MATERIAL SUPPLIED ->
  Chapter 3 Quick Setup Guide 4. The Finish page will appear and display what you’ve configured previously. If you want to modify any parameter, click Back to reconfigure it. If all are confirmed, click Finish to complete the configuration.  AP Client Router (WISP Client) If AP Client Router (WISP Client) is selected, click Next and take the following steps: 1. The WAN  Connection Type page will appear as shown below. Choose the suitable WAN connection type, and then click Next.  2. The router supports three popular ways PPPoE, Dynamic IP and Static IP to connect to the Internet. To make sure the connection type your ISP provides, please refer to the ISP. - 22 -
--
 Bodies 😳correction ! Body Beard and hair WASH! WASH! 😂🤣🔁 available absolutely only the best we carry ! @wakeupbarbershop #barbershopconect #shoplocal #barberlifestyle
--
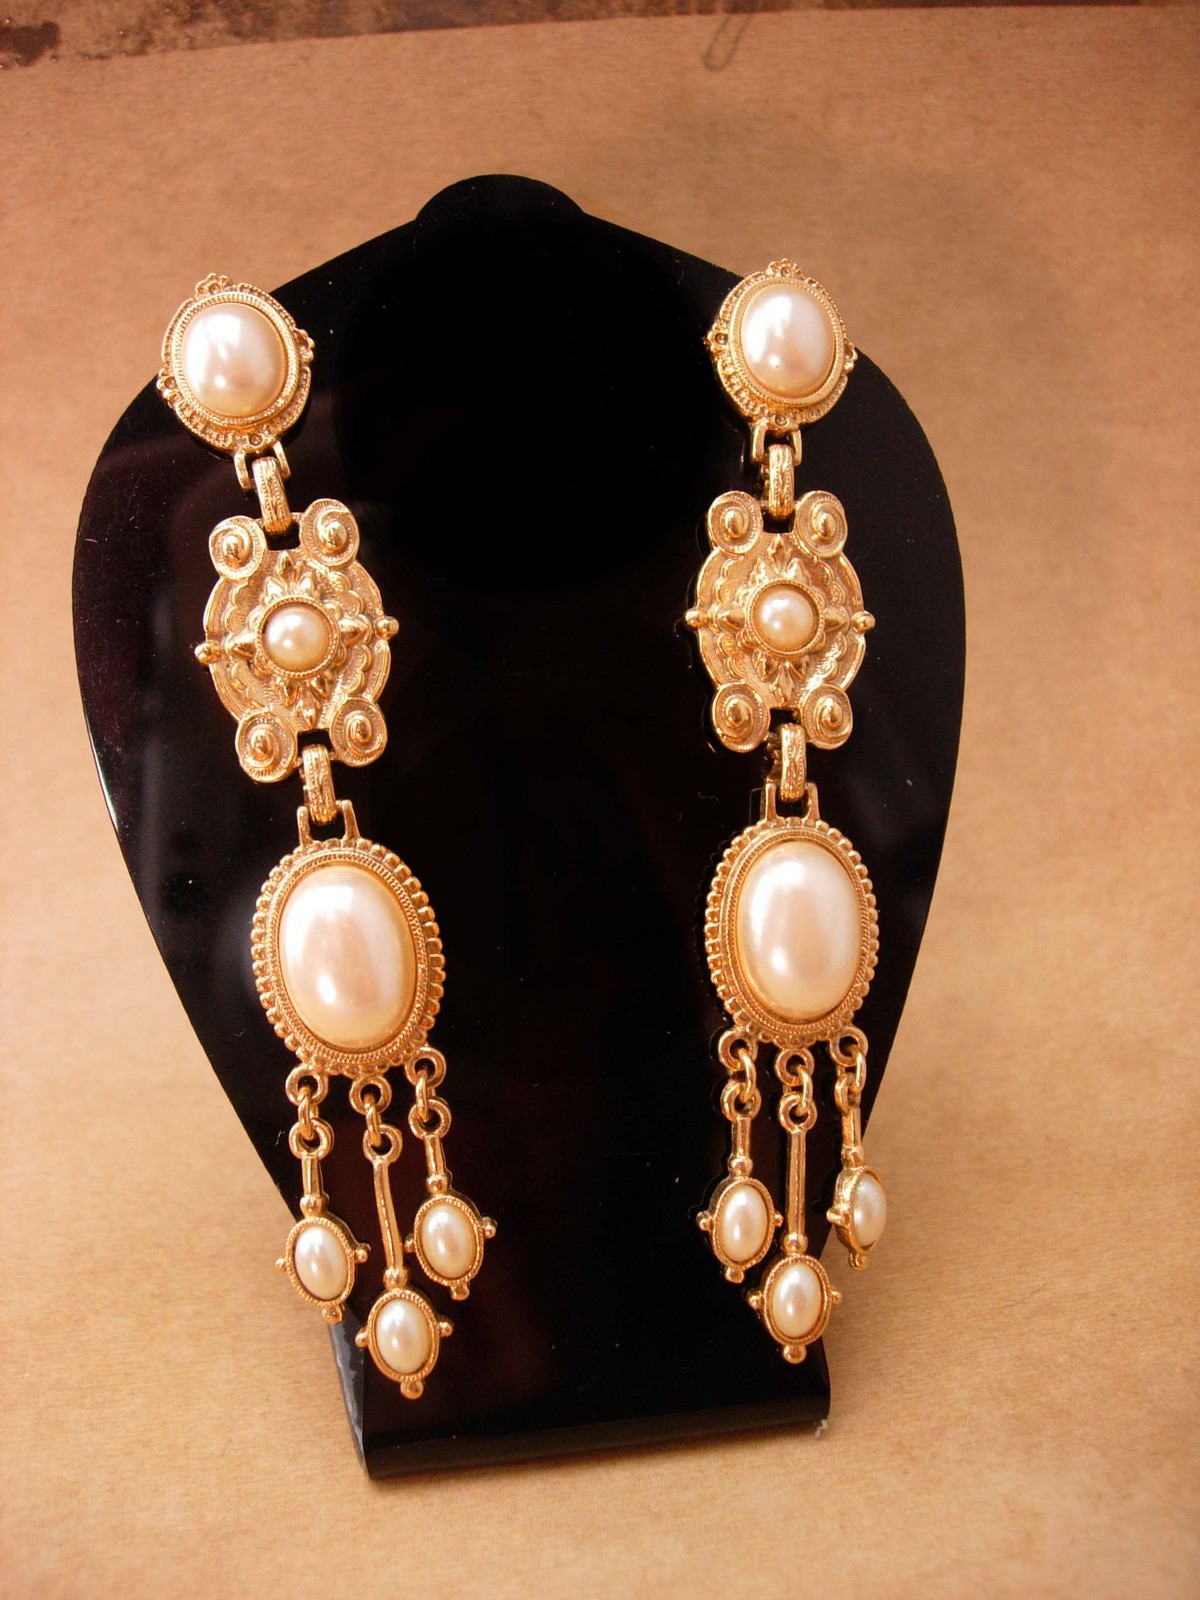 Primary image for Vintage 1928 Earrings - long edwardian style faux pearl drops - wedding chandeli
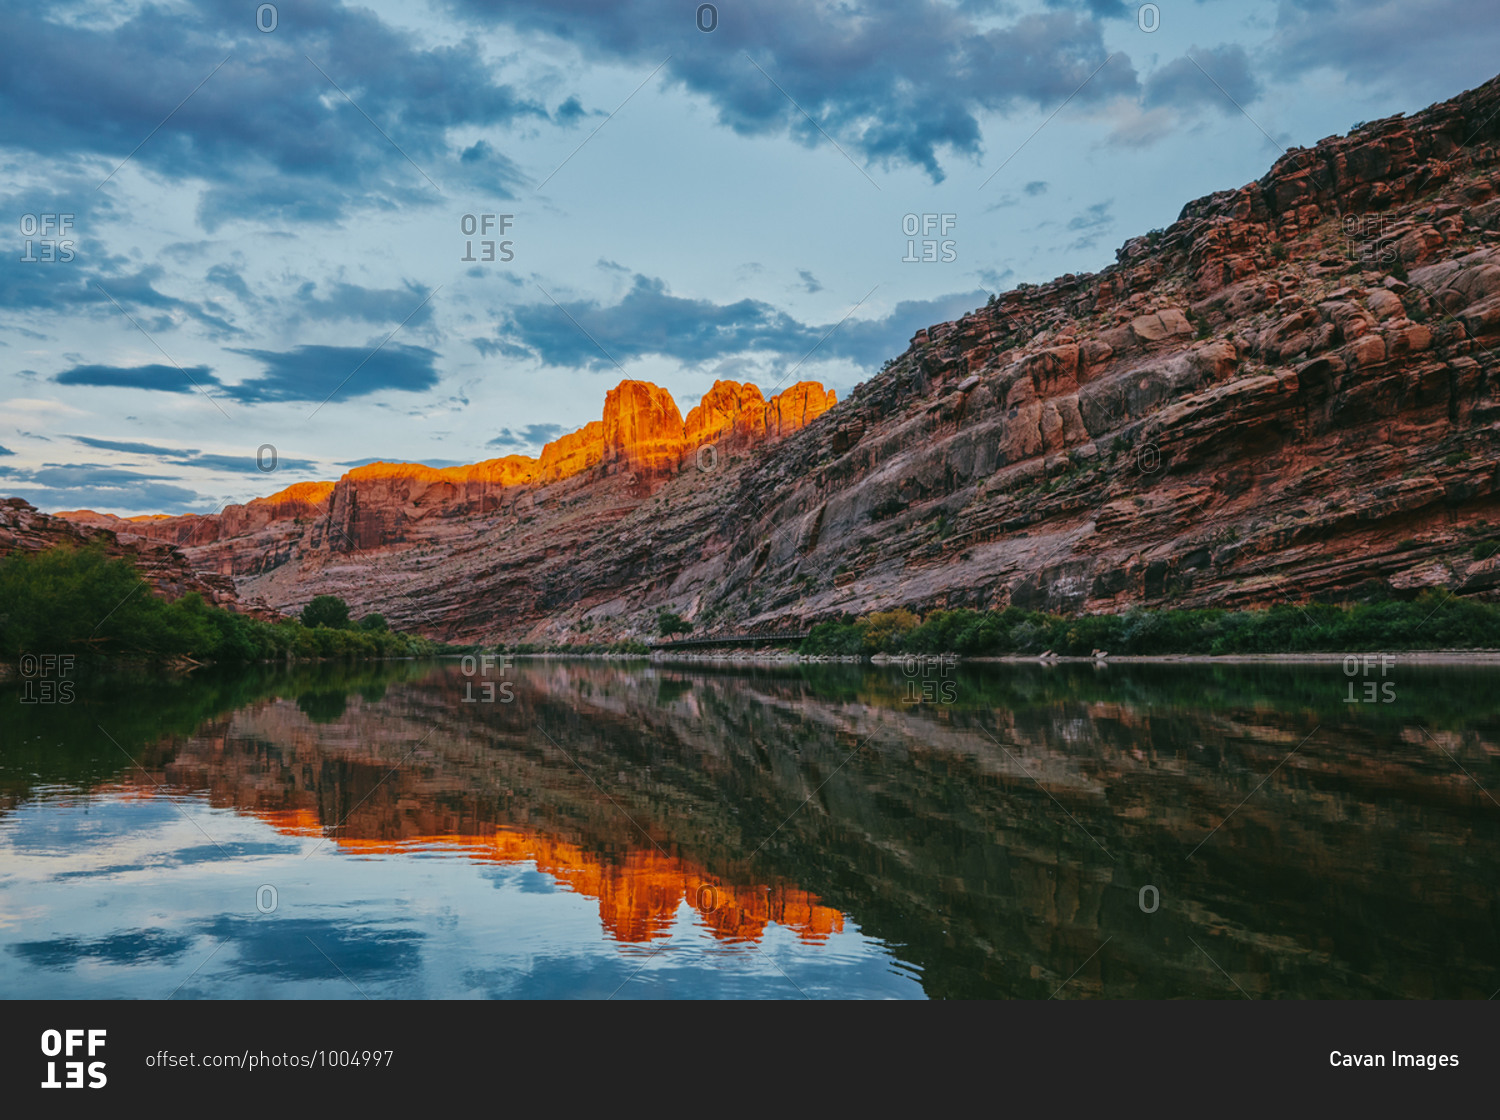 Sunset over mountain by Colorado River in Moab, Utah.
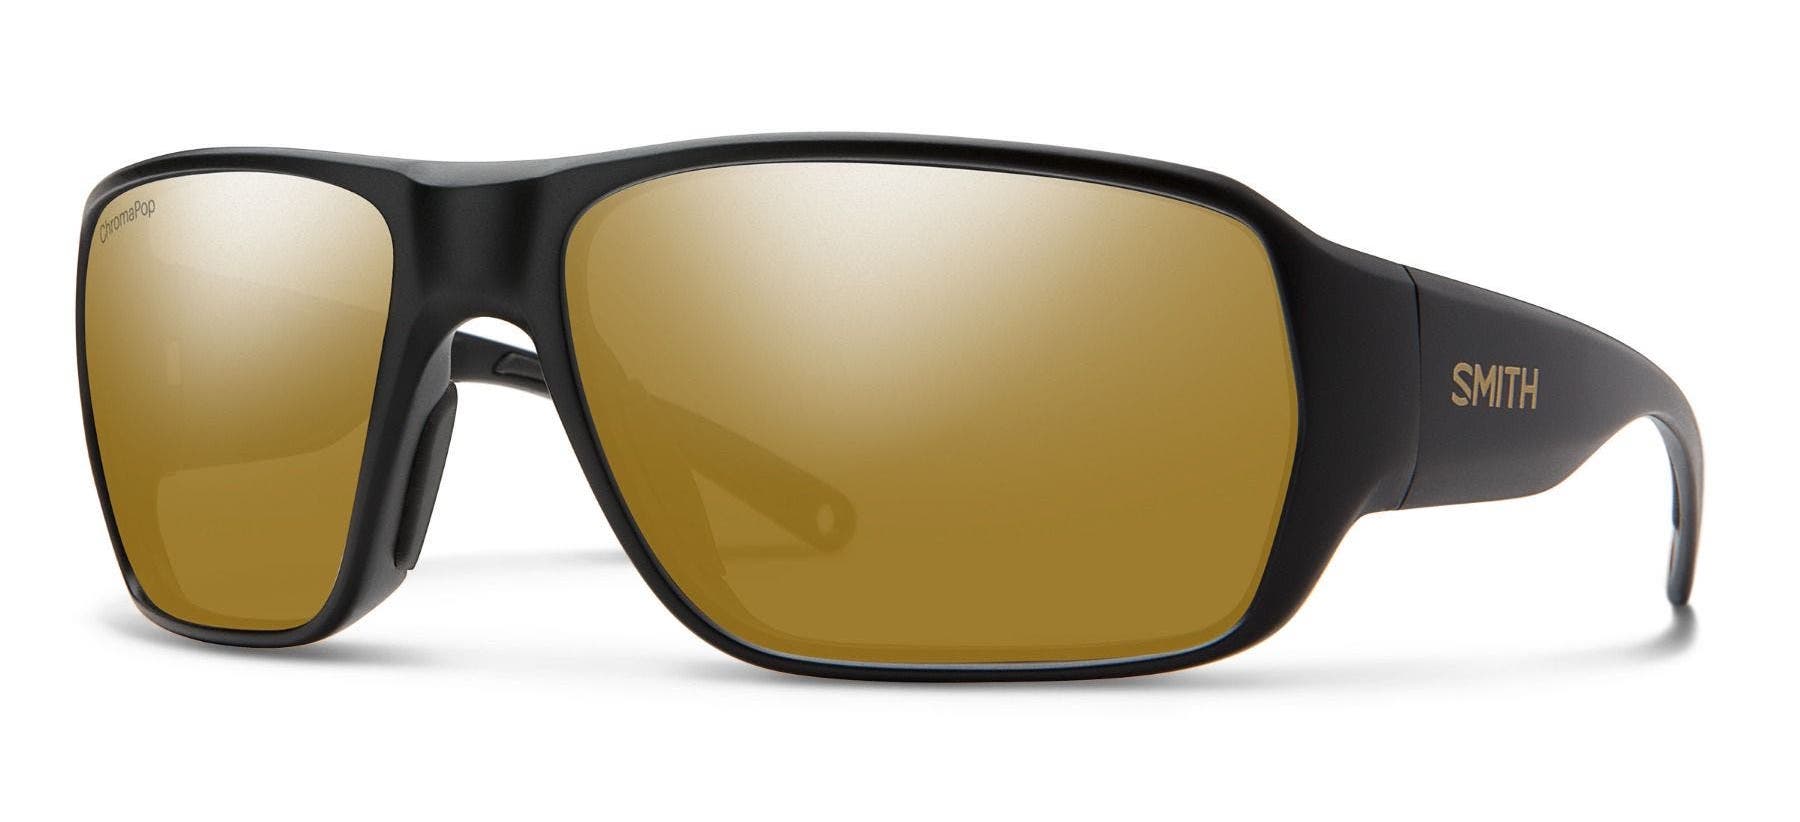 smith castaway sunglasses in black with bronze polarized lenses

WHAT THIS TASK INVOLVES -> Starting at the line above that has "Sunset over mountain" and ending at the line that has "smith castaway sunglasses", copy each line exactly, leaving the pictures out and adding nothing.

EXERCISE OUTPUT ->
 Sunset over mountain by Colorado River in Moab, Utah.
 smith castaway sunglasses in black with bronze polarized lenses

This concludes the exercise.